There’s a lot happening in the music world, and we here at Heavy Blog try our very best to keep up with it! Like the vast majority of heavy music fans, our tastes are incredibly vast, with our 3X3s in each Playlist Update typically covering numerous genres and sometimes a different style in each square. While we have occasionally covered non-metal topics in past blog posts, we decided that a dedicated column was warranted in order to more completely recommend all of the music that we have been listening to. Unmetal Monday is a bi-weekly column which covers noteworthy tracks and albums from outside the metal universe, and we encourage you all to share your favorite non-metal picks from the week in the comments. As is tradition, we’ll be highlighting a few albums and tracks that struck our fancy over the past few weeks. Head past the jump to dial down the distortion:

Madlib + Freddie Gibbs – Bandana

It would be very difficult to find a producer more influential in the underground rap scene over the past two decades than Los Angeles’s Madlib. Outside of his high quality solo work as Quasimoto and otherwise, his noteworthy collaborations with rappers like J Dilla, Percee P, and Talib Kweli put him squarely on the hip hop map as one of the game’s most sought after producers. But his legacy was firmly entrenched in the annals of hip hop history with his collaborative record with MF Doom as the now iconic Madvillain. Madvillainy changed the rap landscape like few records before it, and its influence remains unmatched well over a decade later. The craziest part of this is that Madvillain may not even be Madlib’s best project. In 2014, Madlib and Gary, Indiana rapper Freddie Gibbs dropped Piñata, an album so dense with quality beats and bars that I still haven’t fully wrapped my head around it five years later. Their latest record under the MadGibbs moniker, Bandana, picks up right where Piñata left off in the quality department, but is without question a singular experience that separates itself from its predecessor in understated, subtle, but consistently dazzling ways.

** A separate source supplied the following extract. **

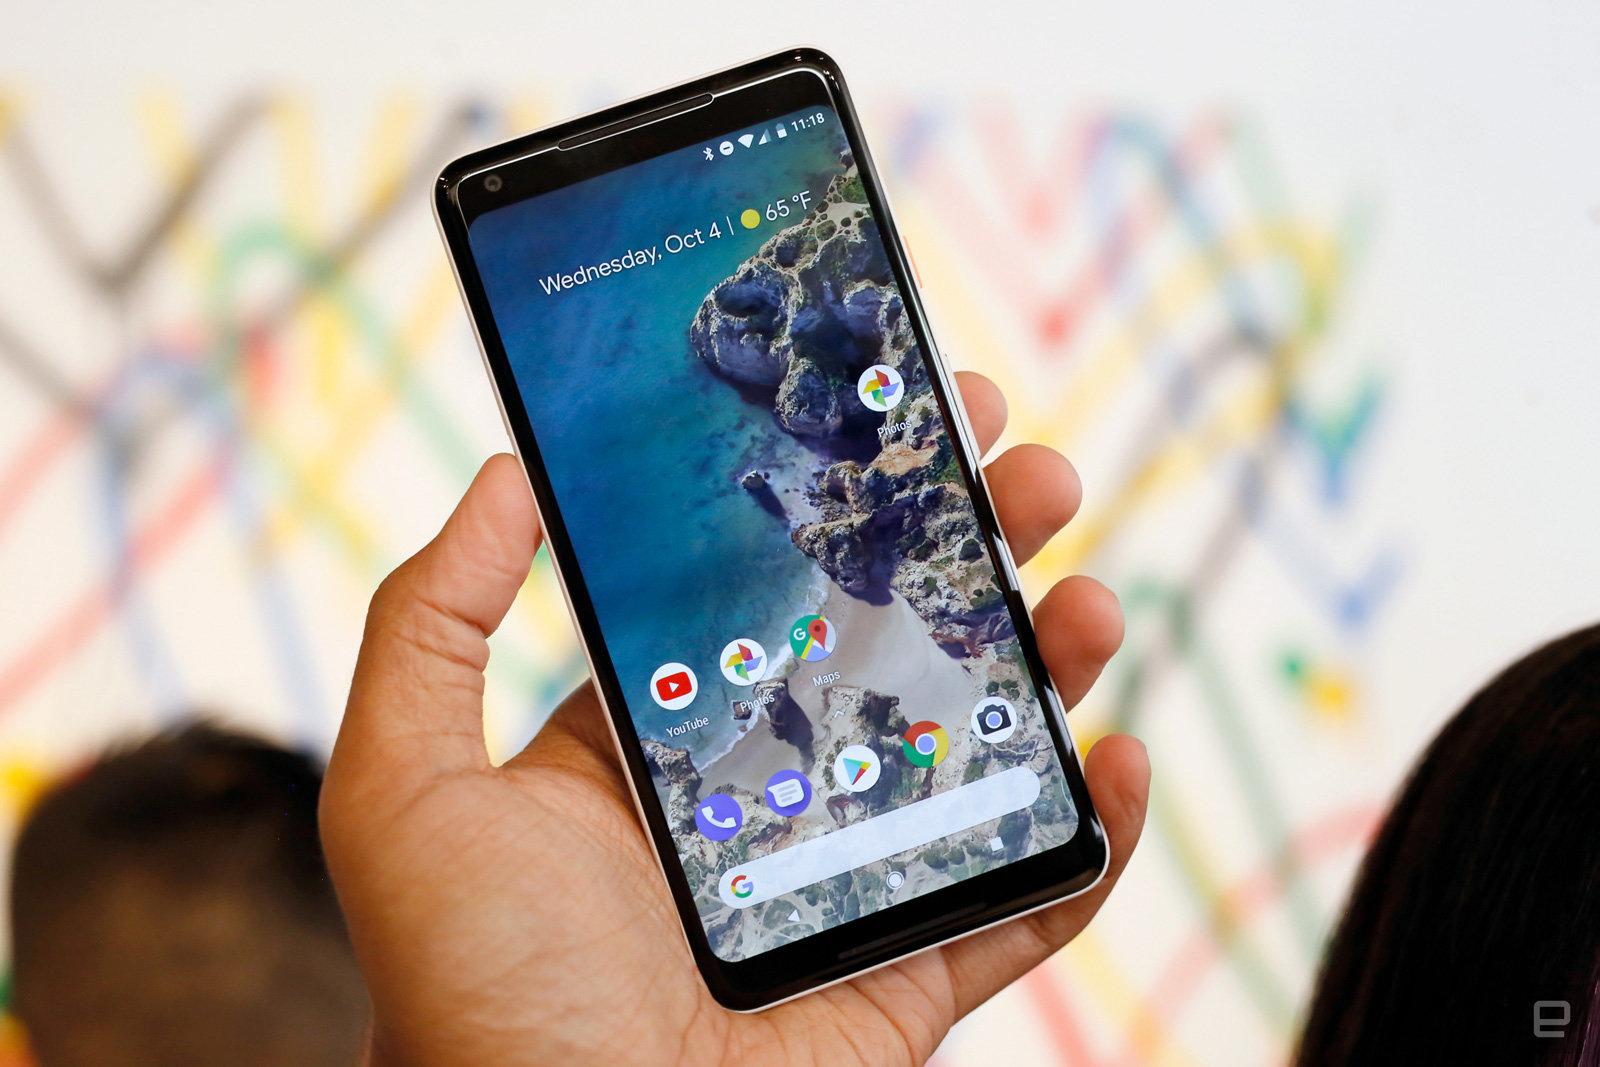 Android 系統無視隱私權設定,持續分享位置資訊

While Piñata came out the gate swinging with a verve and swagger that felt like the sonic equivalent of Freddie Gibbs quickly revitalizing career, Bandana opens up with the infinitely laid back “Freestyle Shit”, which unfolds with a smooth, moderated, well-earned confidence that shows Gibbs at his most vocally and melodically flexible. Madlib’s Looped horns, static vinyl crackling, and playful drums create a jazz club feel and add perfect accompaniment to Gibbs’ notably confident delivery. This last component is the element that may throw fans of this group’s last project off the most. Bandana, at least on first listen, feels without question the Freddie Gibbs show, focusing on the rapper’s bars with an intense focus throughout the record. “Half Manne Half Cocaine” brings this focus to the fore with stark clarity, as Gibbs raps over some of Madlib’s hardest and most straightforward beats to date. “Palmolive”, which features Killer Mike and Pusha T on excellent guest verses, is another example of Madlib’s production taking a back seat to the verses being spit by these incredibly talented rappers. It’s a distinct difference from most of Madlib’s other collaborations, where his production tends to take up a hefty chunk of the mix.

The above may sound like a negative for Madlib diehards, but I mentioned first listen vibes intentionally, because Bandana is under the surface layer of Gibbs’ intense verses just as dense and complex as anything he has yet produced. The sneaky beat switching in “Fake Names”, the unhinged electricity of “Flat Tummy Tea”, the busy orchestration of “Cataracts” and the fuzzy drama of “Education” (which features some amazing verses from Yasin Bey, the artist formerly known as Mos Def, and Black Thought) all have layers upon layers of dense production and effective samples that increase repeat listening value exponentially. Every listen of this record has allowed Madlib’s subtle and excellent production choices to unfold in a delightful slow burn that reveals Bandana as some of his best and most focused work yet. Front to back, there’s nary a dud in sight.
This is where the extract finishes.